Ce changement d’étage, s’il ne gêne véritablement et officiellement personne, il amende quelque peu le plan de route d’Ivan Gazidis, le nouveau président du club. Là où l’idée initiale est d’installer "sa patte sportive" d’entrée, il doit composer avec les prolongations de contrat "automatiques" - dans le staff ou le groupe de joueurs - générées par la montée. Et reporter à l’hiver suivant, la "révolution" avec l’arrivée de l’entraîneur souhaité depuis le début, Erik Horneland.

Aux résultats sportifs qui déclinent et entraînent les Verts dans la lutte pour le maintien, les dirigeants répondent qu’ils œuvrent en coulisses et dans la discrétion, avec, dans un premier temps, une phase d’observation afin, dans un second, de mieux "reconstruire" l’institution. Or, le scepticisme reste vivace chez les supporters, qui voient un actionnaire fort et riche, "subir" une accession "malgré lui" en juin 2024 avant de … subir de nouveau la chronique d’une descente annoncée, avec même le "fusible" du changement d’entraîneur (Erik Horneland remplace Olivier Dall’Oglio) qui ne stoppe pas la spirale. D’autant que l’idée de dirigeants plus intéressés par le "trading" joueurs fait flores dans le Forez …

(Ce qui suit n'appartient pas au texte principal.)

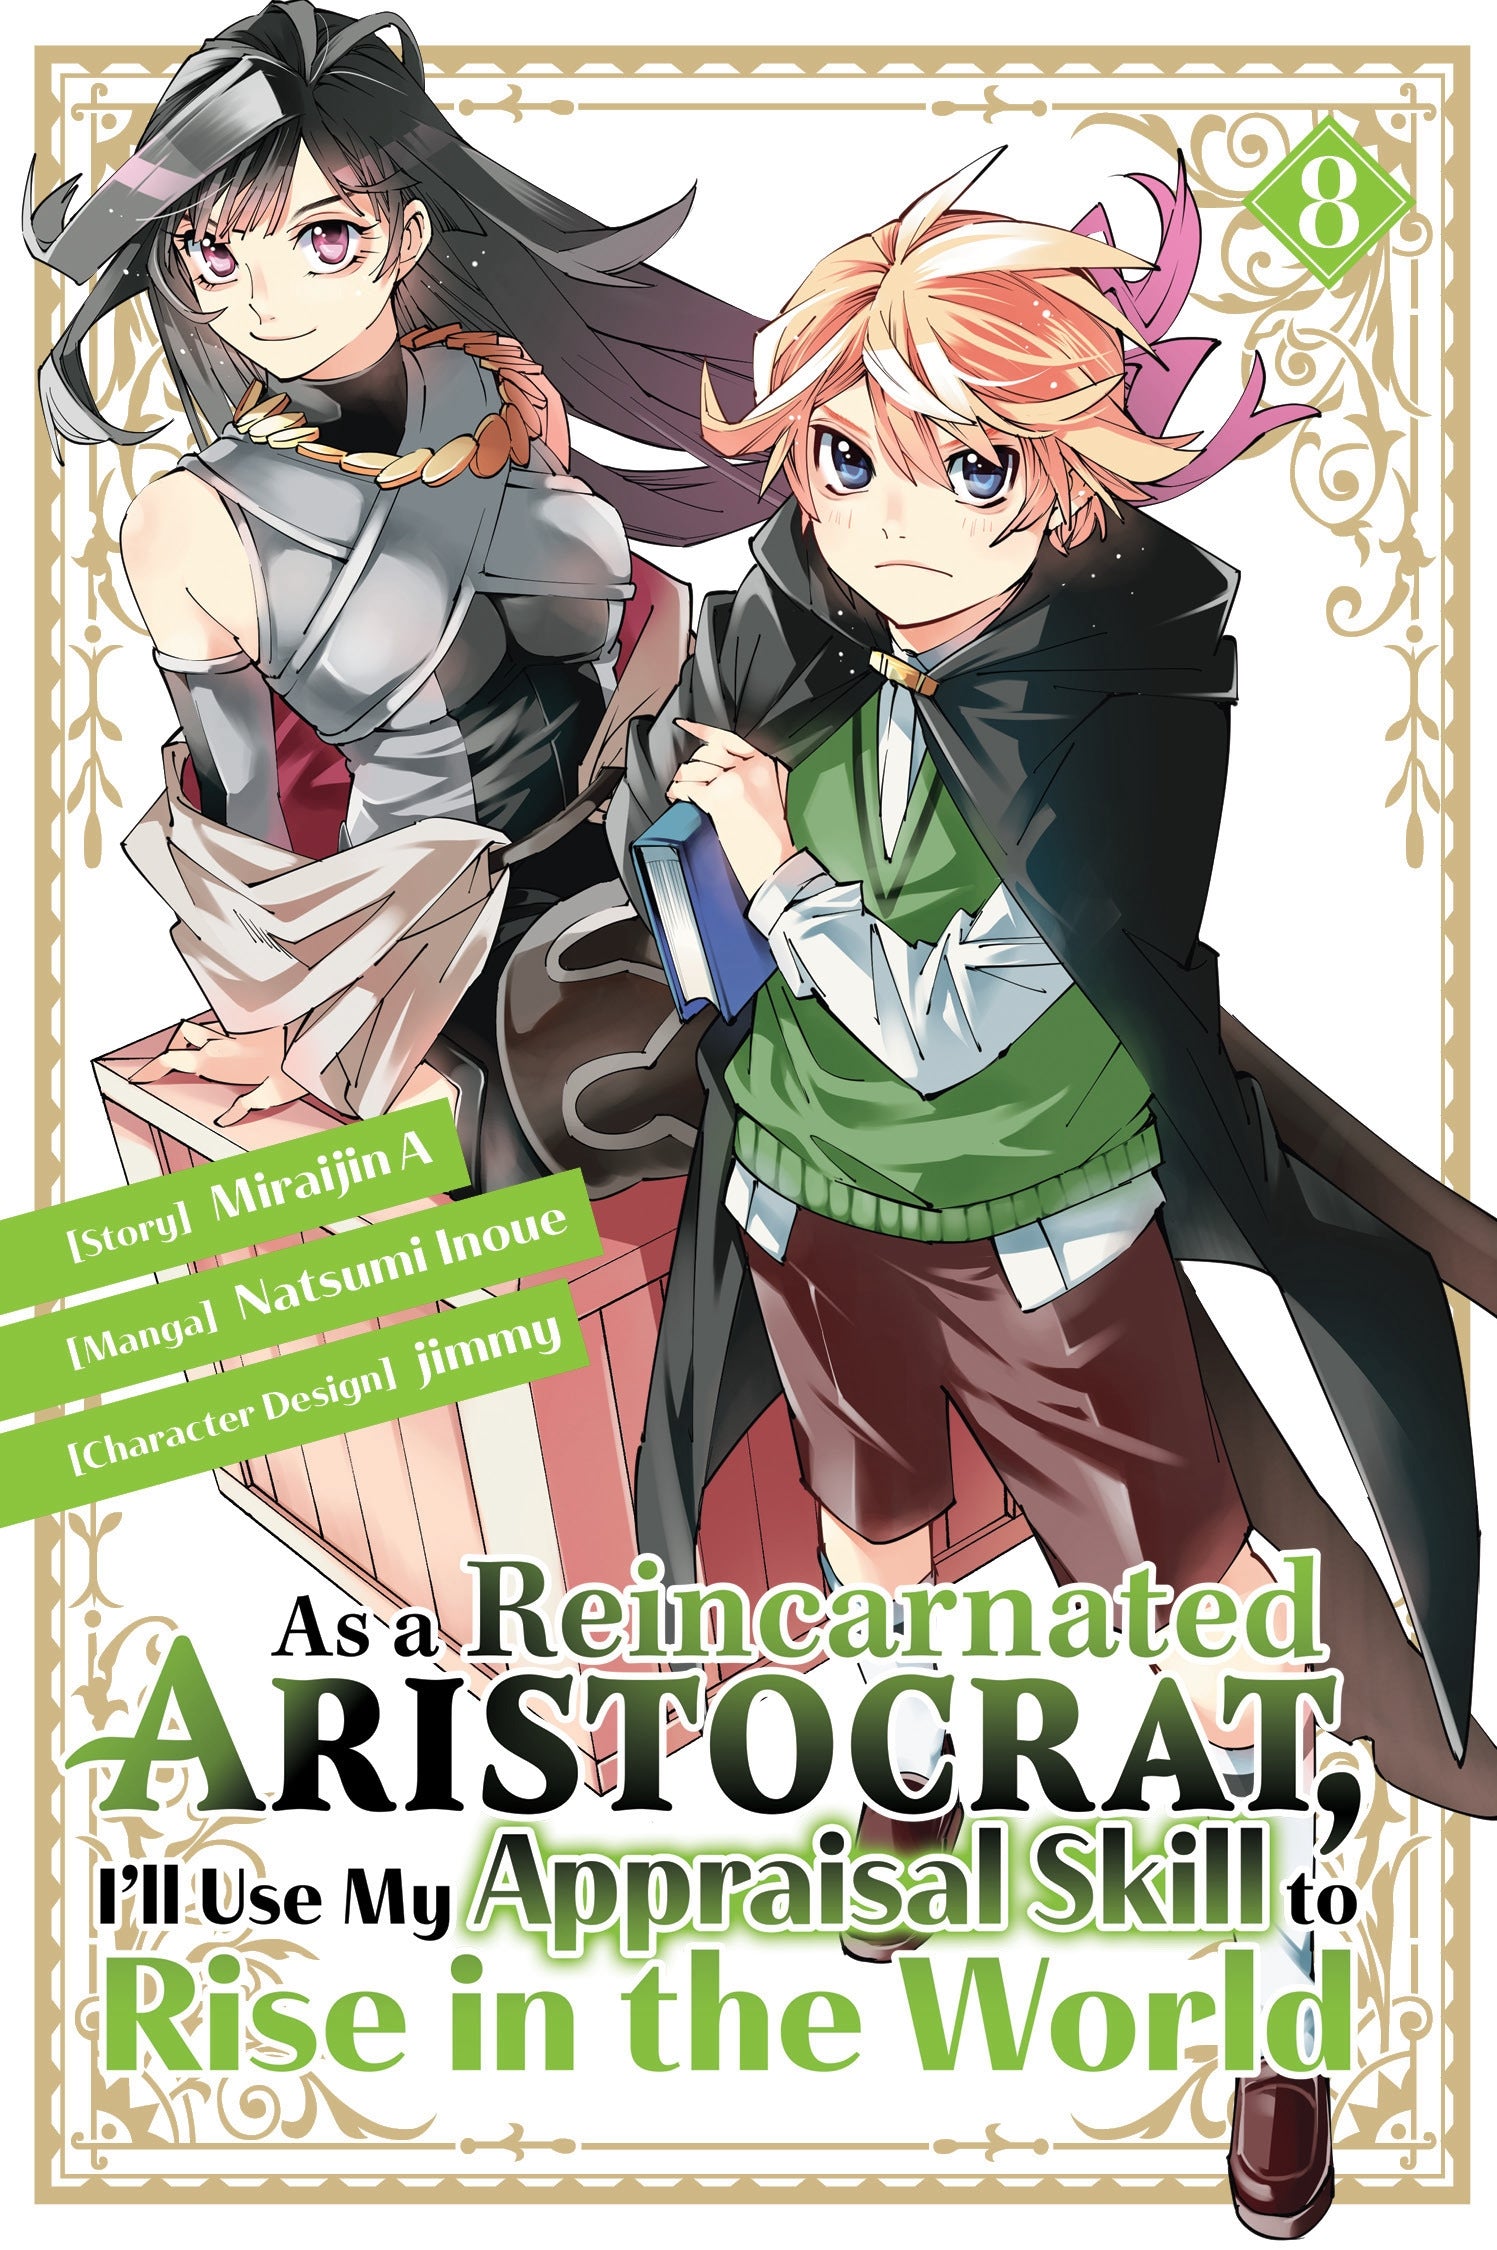 As a Reincarnated Aristocrat, I'll Use My Appraisal Skill to Rise in the World (Manga), Vol. 8

En mai 2025, l’ASSE retrouve la Ligue 2 en ne gagnant que 8 matchs sur 34 et en encaissant plus de deux buts par match. Difficile dans ces conditions de bien comprendre le projet énoncé lors d’une courte annonce médiatique le 3 juin 2024: "Notre projet, c’est de poser les bases d’une ASSE qui retrouve sa place européenne dans la hiérarchie du foot français avec un projet club global (sportif institutionnel) sur le long terme."

Mais à rembobiner les différentes actions faites dans la discrétion qui sied à ce type d’opérations, force est de constater que les dirigeants canadiens, s’ils ont pris leur temps, tiennent leurs promesses. Ainsi, les deux augmentations de capital du premier semestre 2025 affirment la solidité financière du club: passé de 2,3 millions d’euros à la fin 2024 à un peu plus de 33 millions en janvier 2025, il a encore bondi de 36,5 millions au début de l’été. Ainsi, le capital social est désormais établi à 70 millions d’euros.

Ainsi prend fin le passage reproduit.